[SUPPLIED DATA]

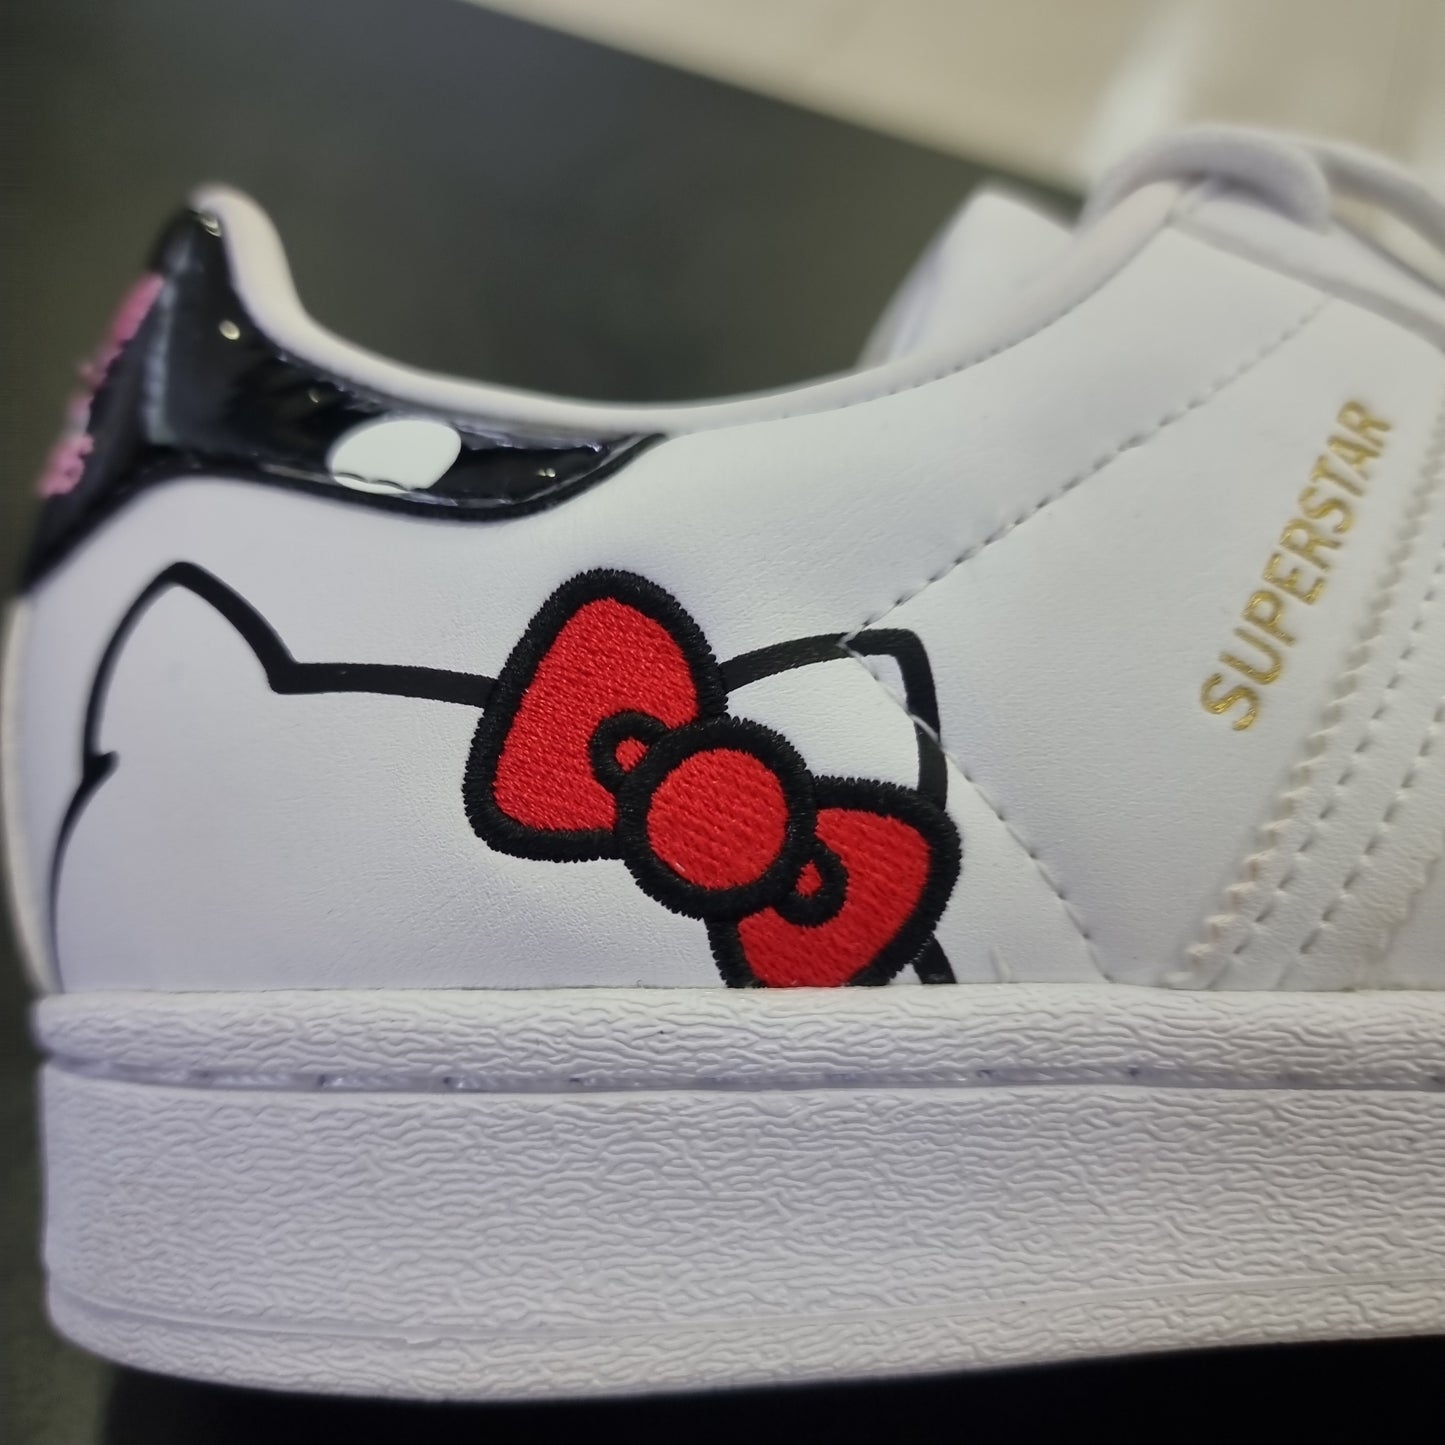 Adidas Superstar Hello Kitty
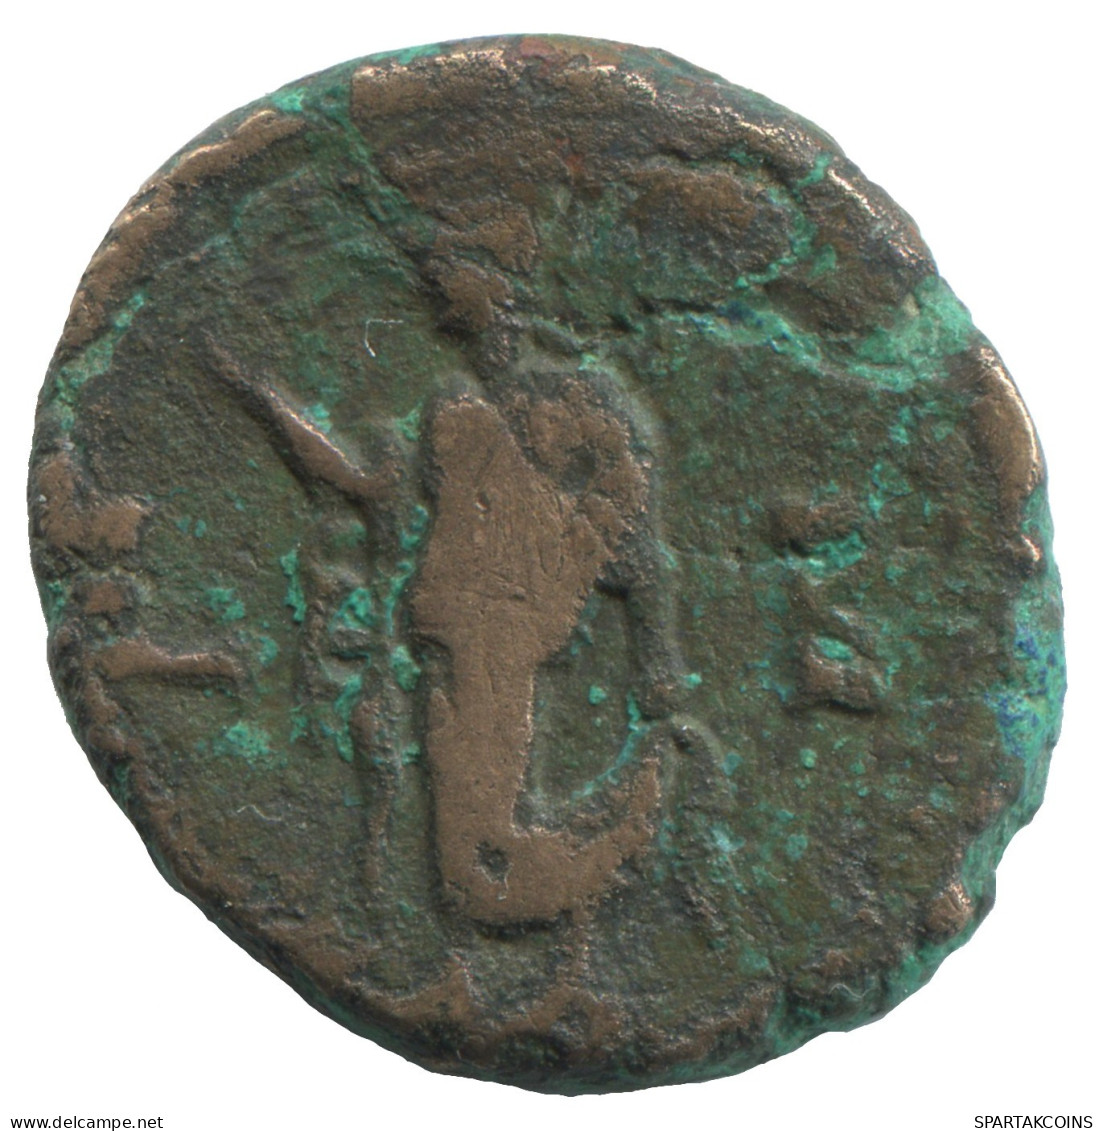 MAXIMIANUS AD286-287 L - B Alexandria Tetradrachm 7.3g/22mm #NNN2049.18.F.A - Röm. Provinz
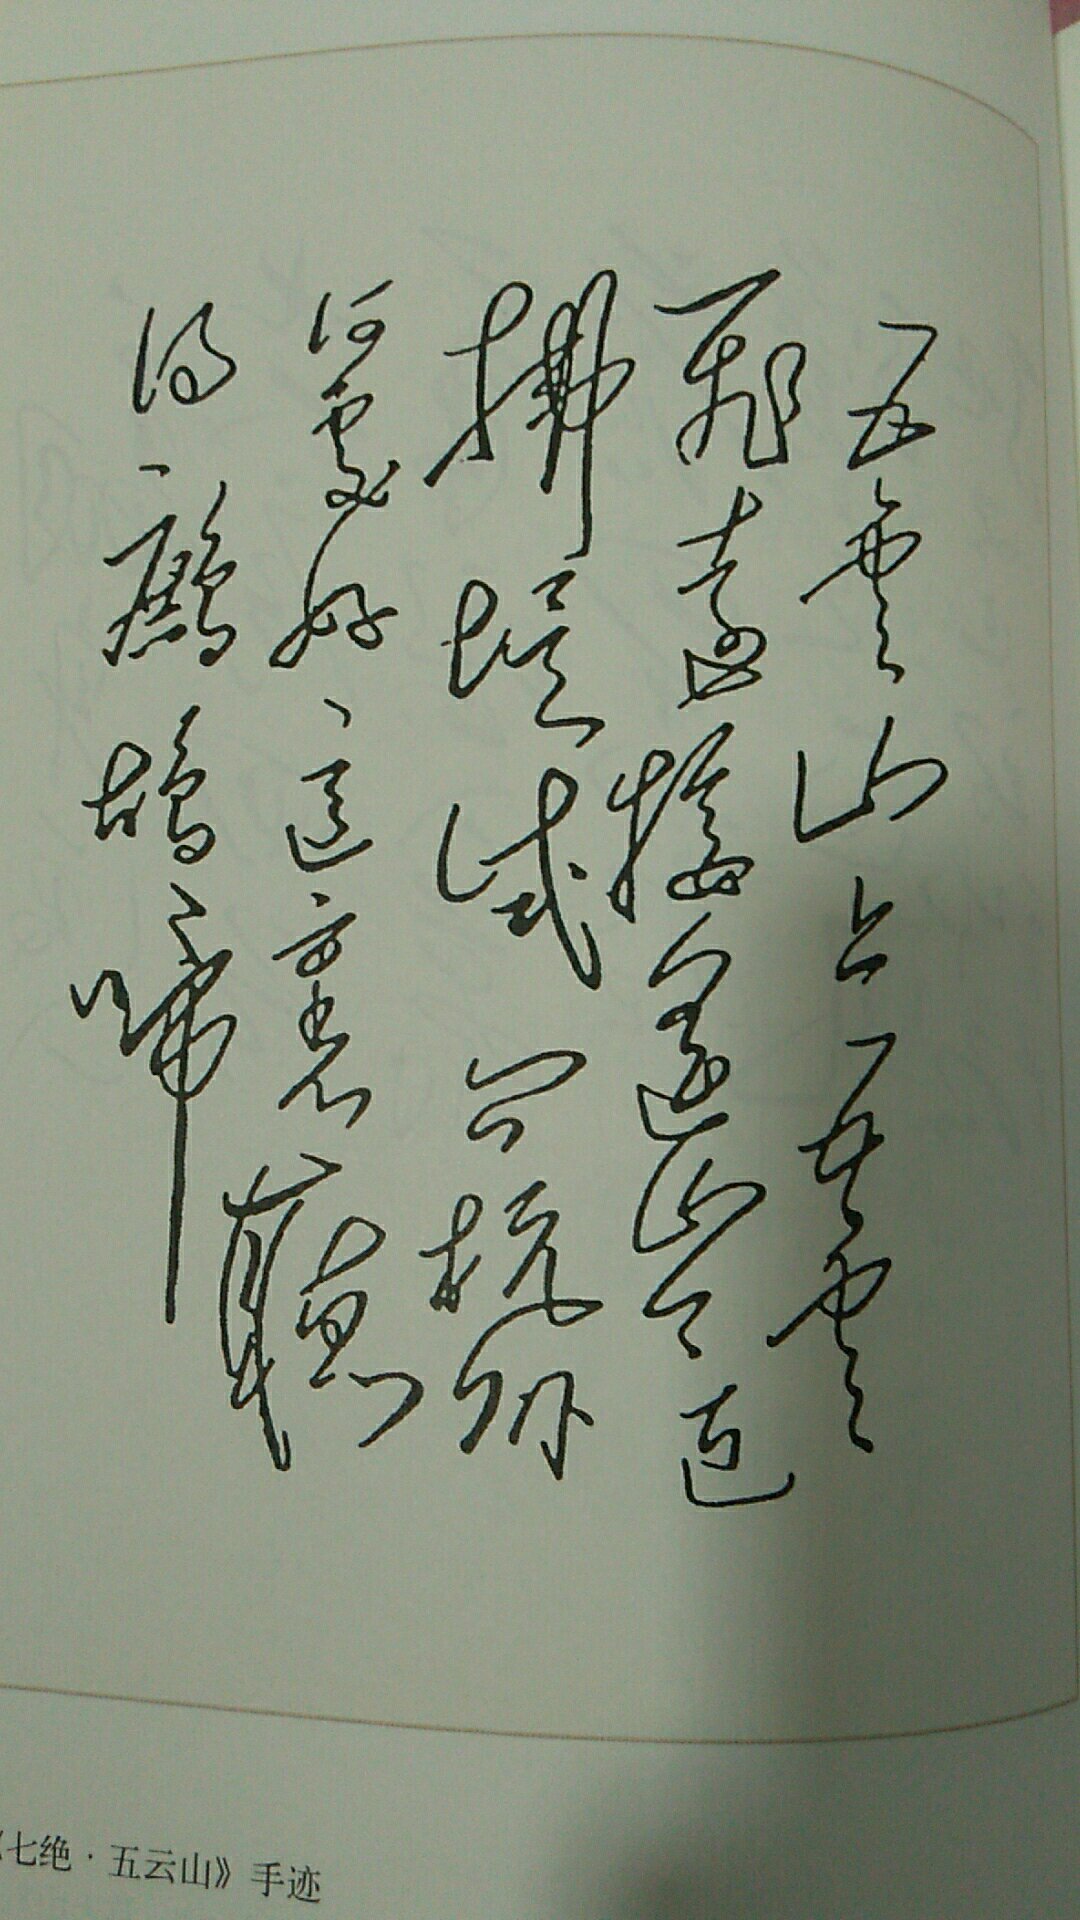 收录毛泽东诗词最多最全的版本，对初版进行了全面修订，增补了简要解释，增加了串讲。

[WORK REQUEST] Print all the material above exactly, and drop the images.

[REPLY TO THE TASK]
 Adidas Superstar Hello Kitty
 MAXIMIANUS AD286-287 L - B Alexandria Tetradrachm 7.3g/22mm #NNN2049.18.F.A - Röm. Provinz
 收录毛泽东诗词最多最全的版本，对初版进行了全面修订，增补了简要解释，增加了串讲。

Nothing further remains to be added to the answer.